━━━ RECORDS PROVIDED ━━━

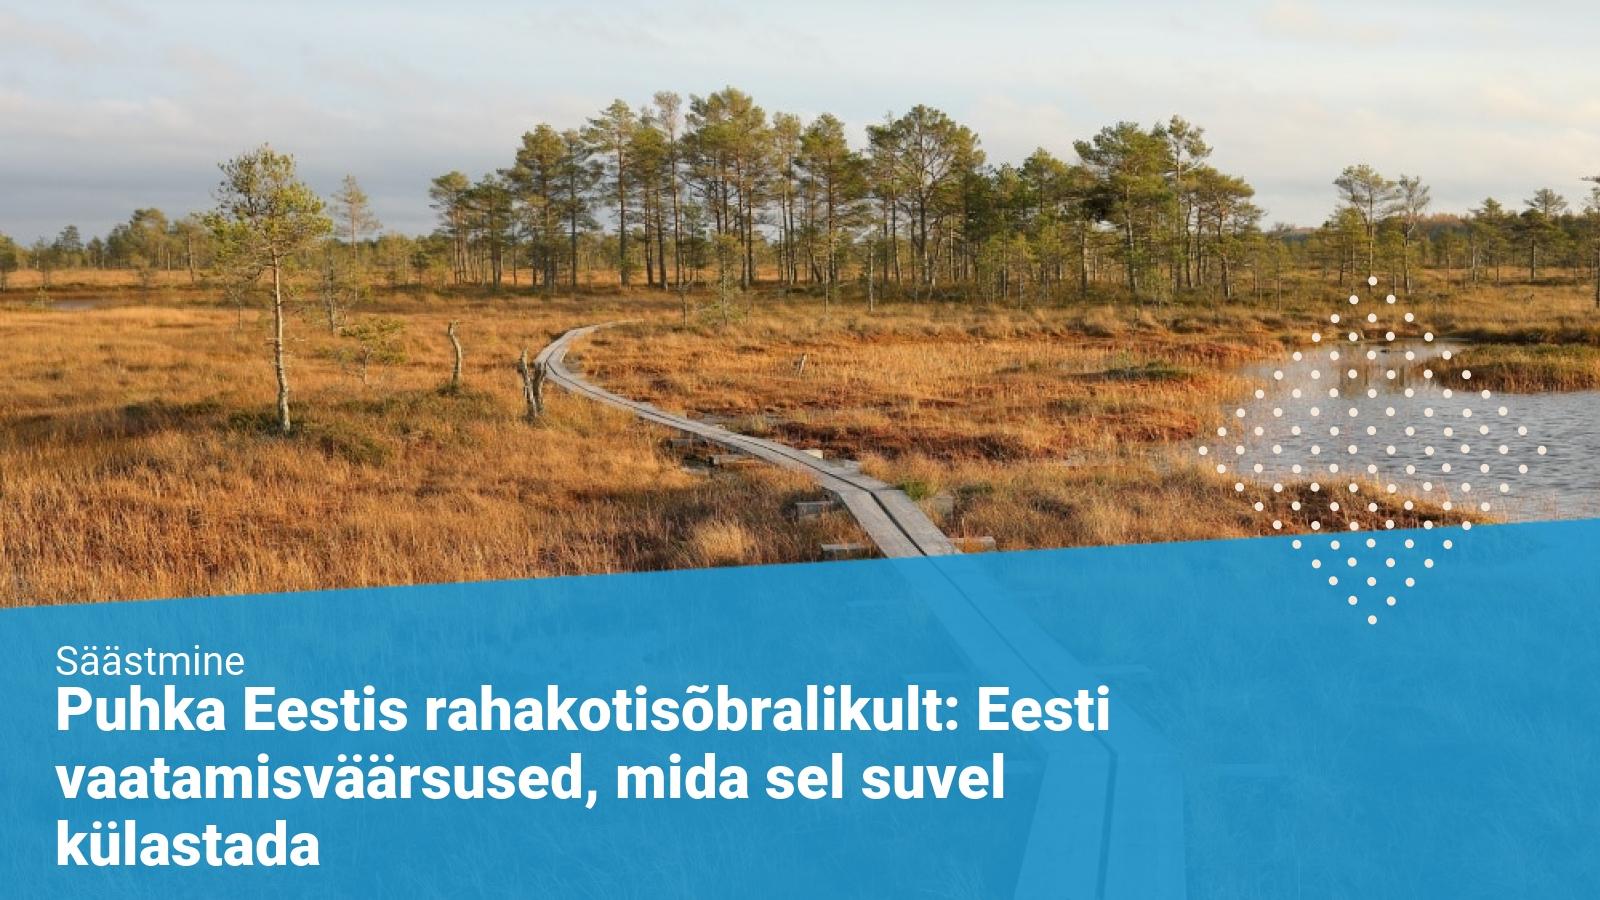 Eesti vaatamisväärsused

━━━
━━━ RECORDS PROVIDED ━━━

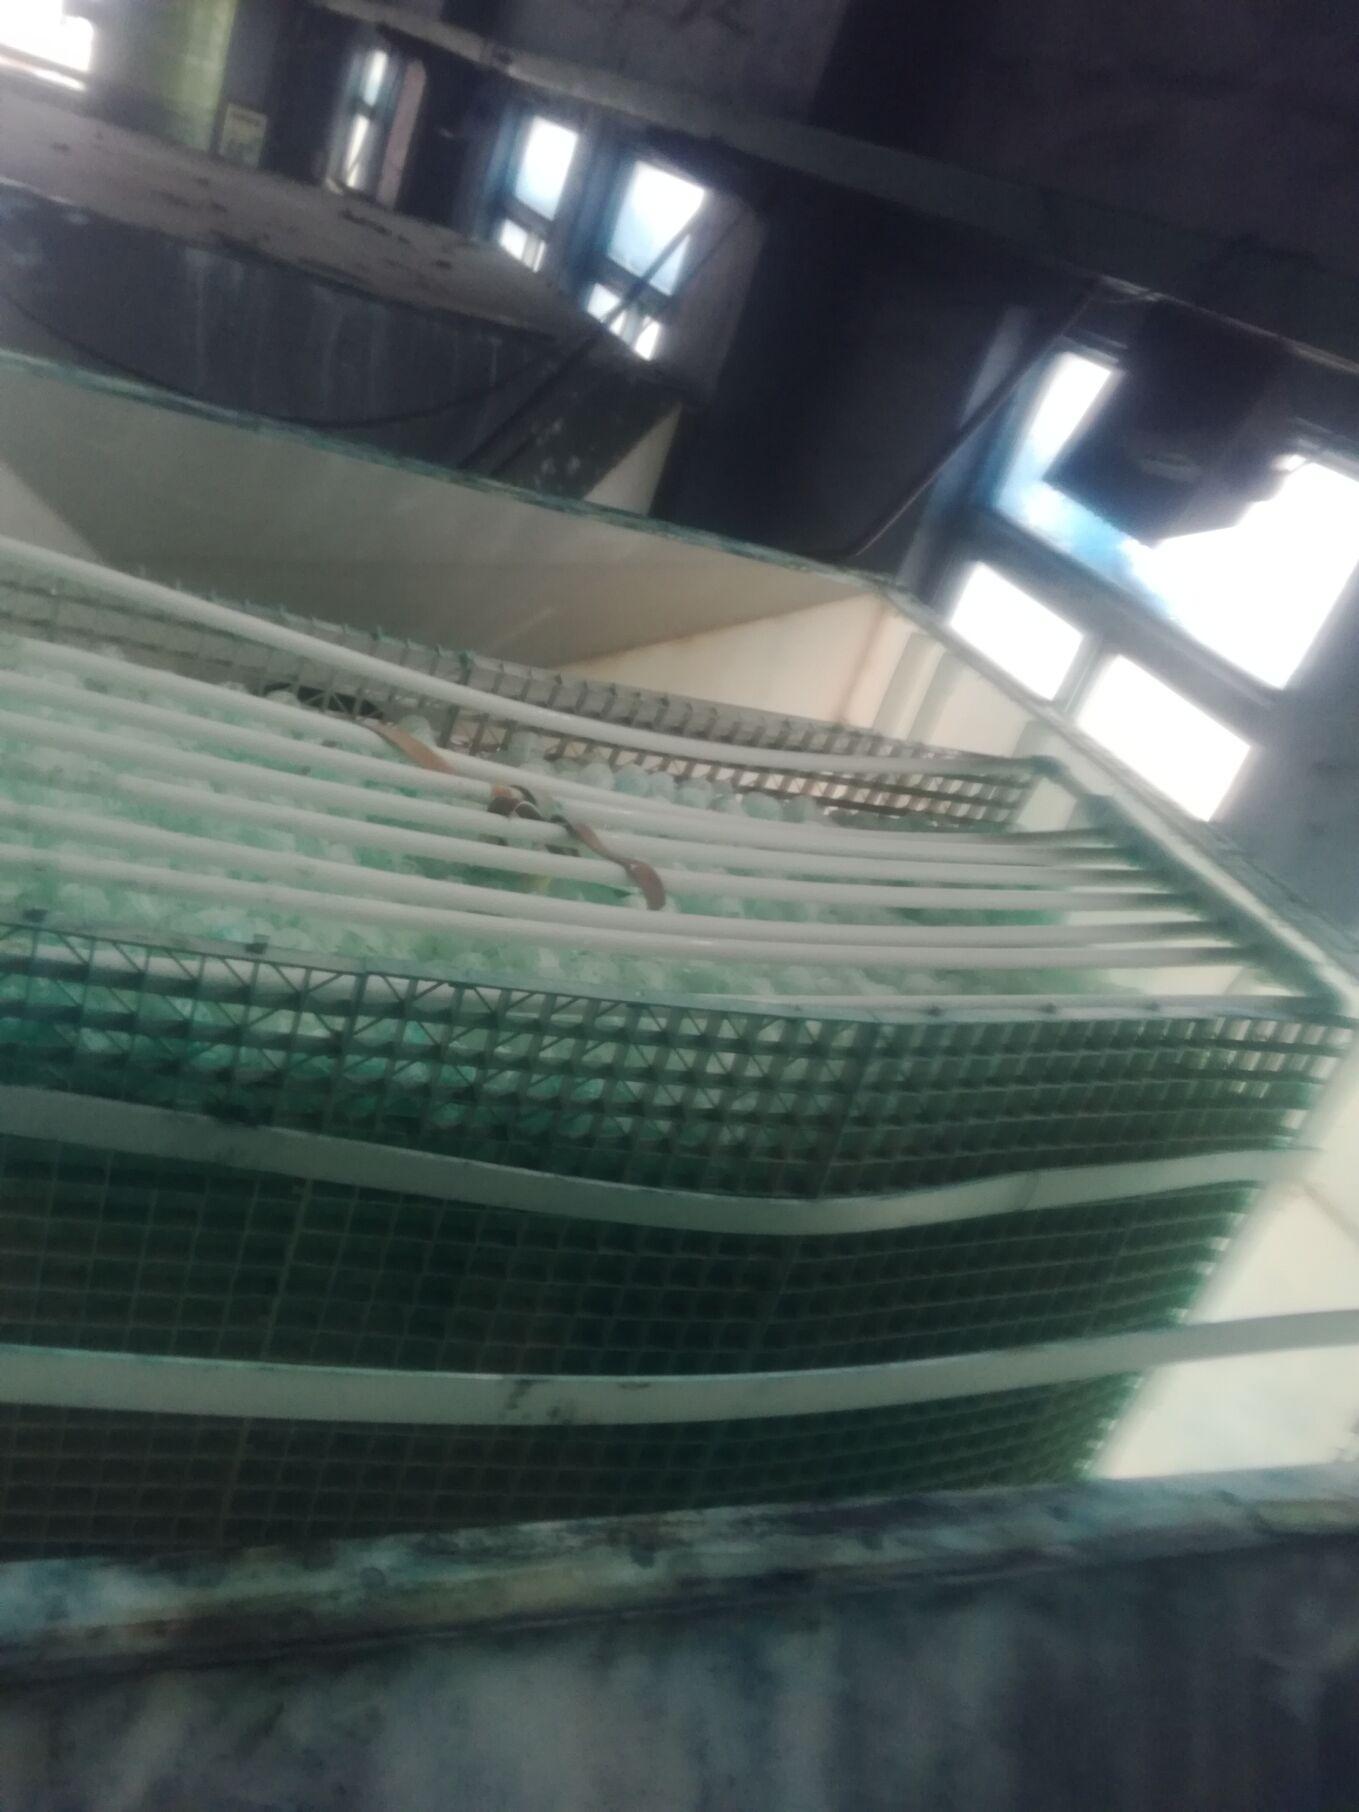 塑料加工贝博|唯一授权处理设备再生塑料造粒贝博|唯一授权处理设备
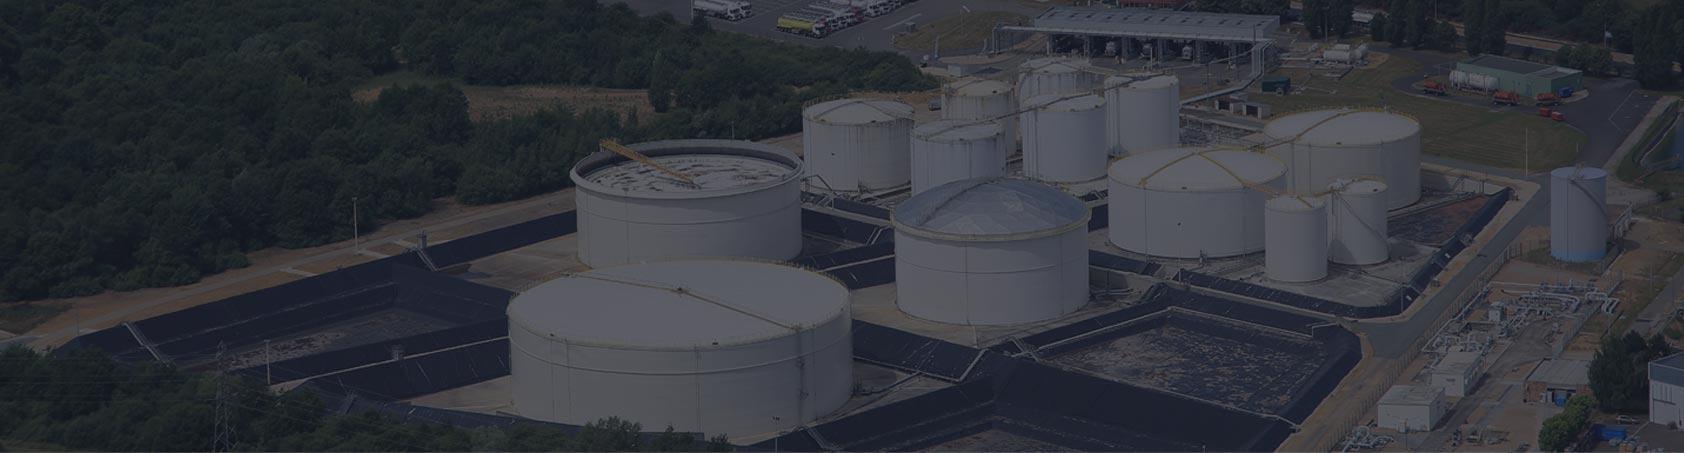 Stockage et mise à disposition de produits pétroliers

━━━

*ACTION ITEM*: Both the line above containing "塑料加工贝博|唯一授权处理设备再生塑料造粒贝博|唯一授权处理设备" and the line containing "Stockage et mise" belong in the copy, along with every line between them; print these exactly and omit the pictures.

*RESPONSE*:
 塑料加工贝博|唯一授权处理设备再生塑料造粒贝博|唯一授权处理设备
 Stockage et mise à disposition de produits pétroliers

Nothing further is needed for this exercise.